*** Begin section ***

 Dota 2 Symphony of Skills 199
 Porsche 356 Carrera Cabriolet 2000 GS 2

*** End section ***
*** Begin section ***

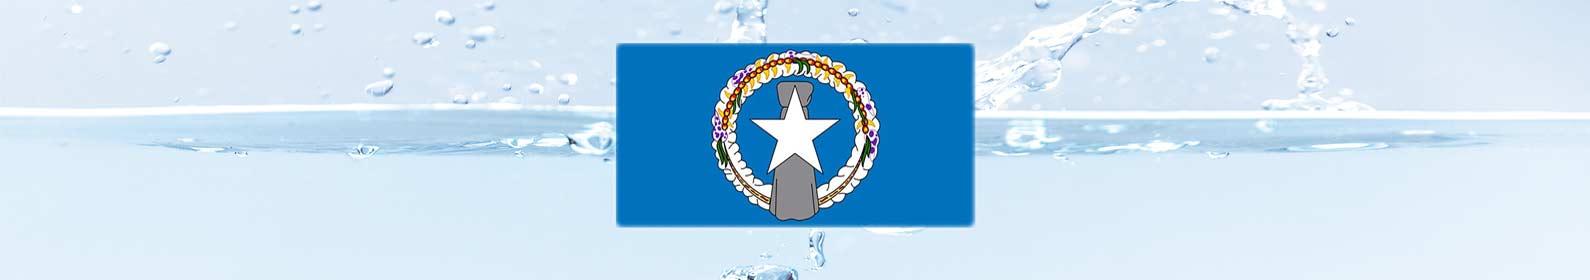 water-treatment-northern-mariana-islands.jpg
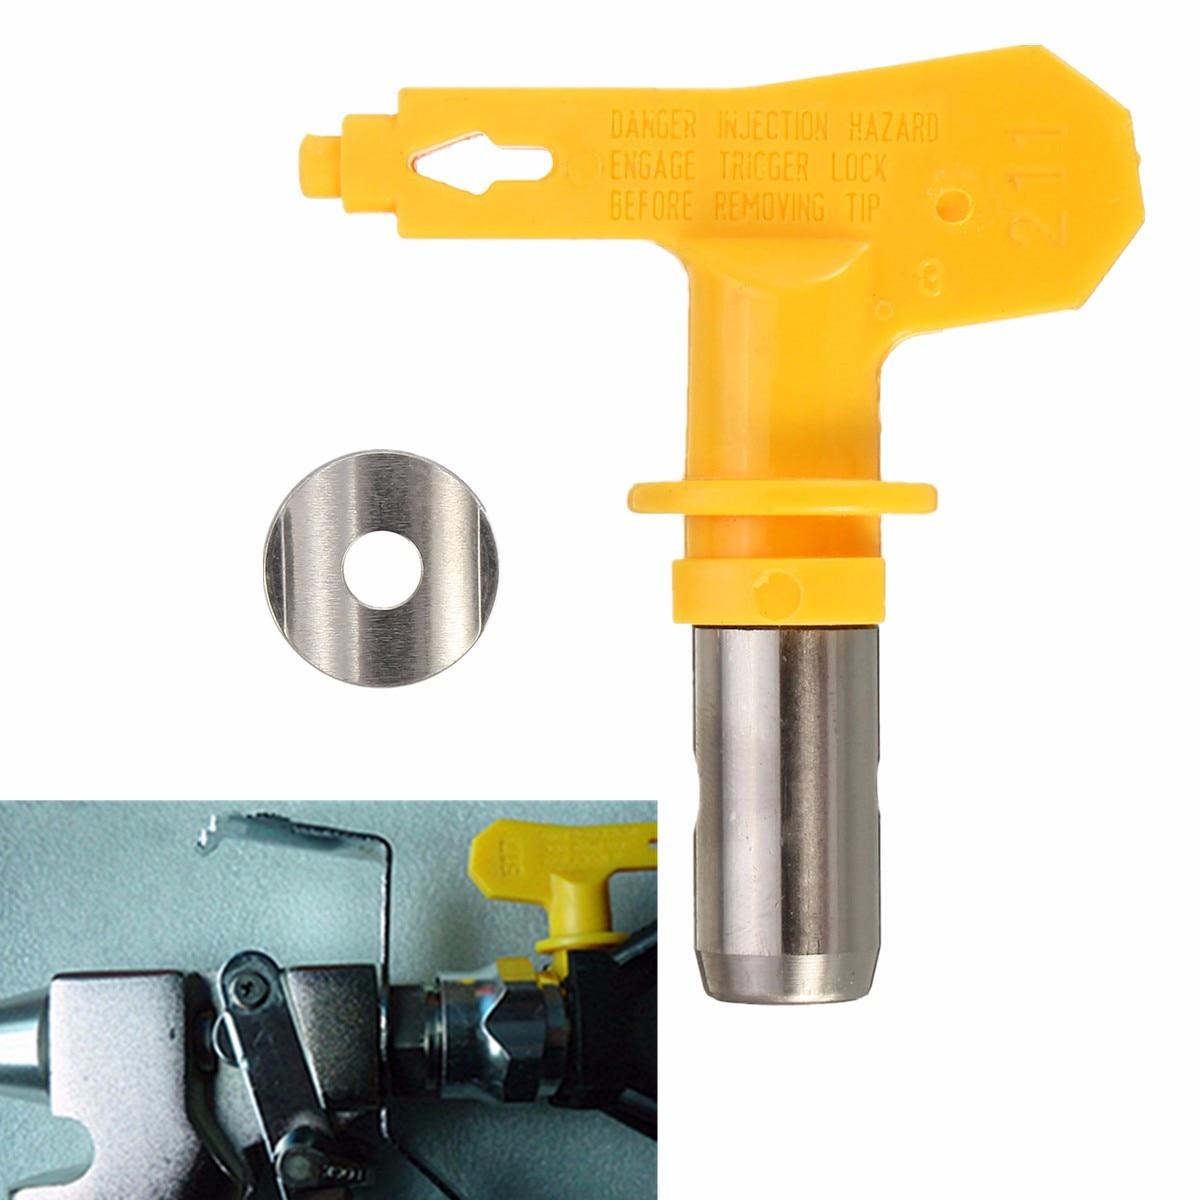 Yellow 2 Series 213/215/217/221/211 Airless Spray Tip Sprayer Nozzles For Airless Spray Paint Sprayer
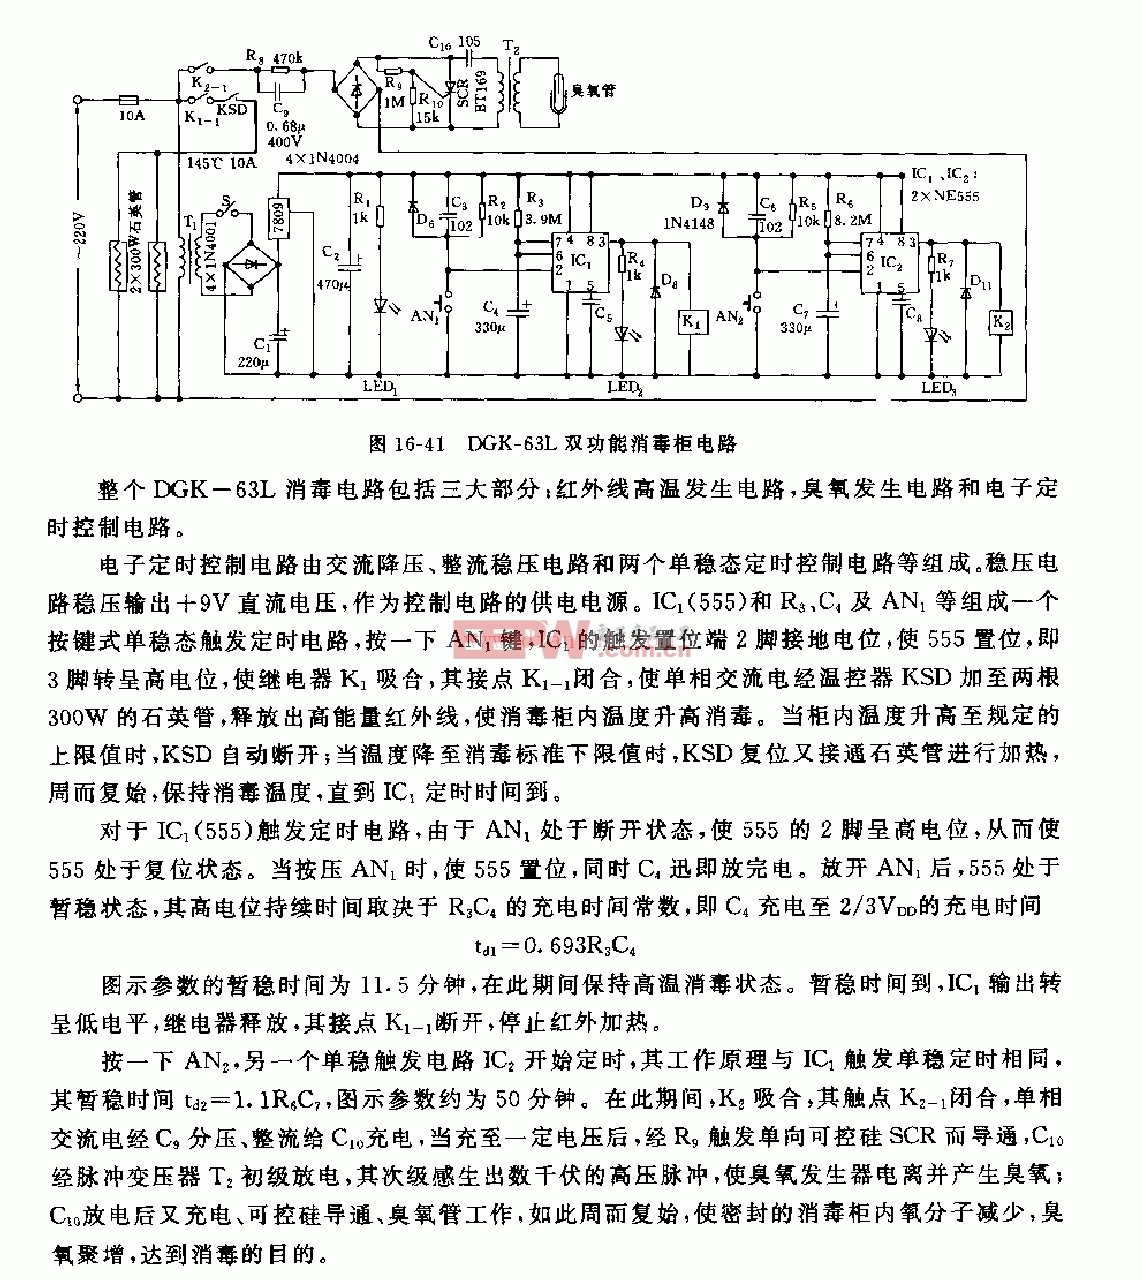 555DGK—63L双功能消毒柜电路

*** End section ***

Give back the records above exactly, limited to the lines between the one holding "Dota 2 Symphony of Skills 199" and the one holding "Porsche 356 Carrera Cabriolet 2000 GS 2", inclusive.

### YOUR SOLUTION:
 Dota 2 Symphony of Skills 199
 Porsche 356 Carrera Cabriolet 2000 GS 2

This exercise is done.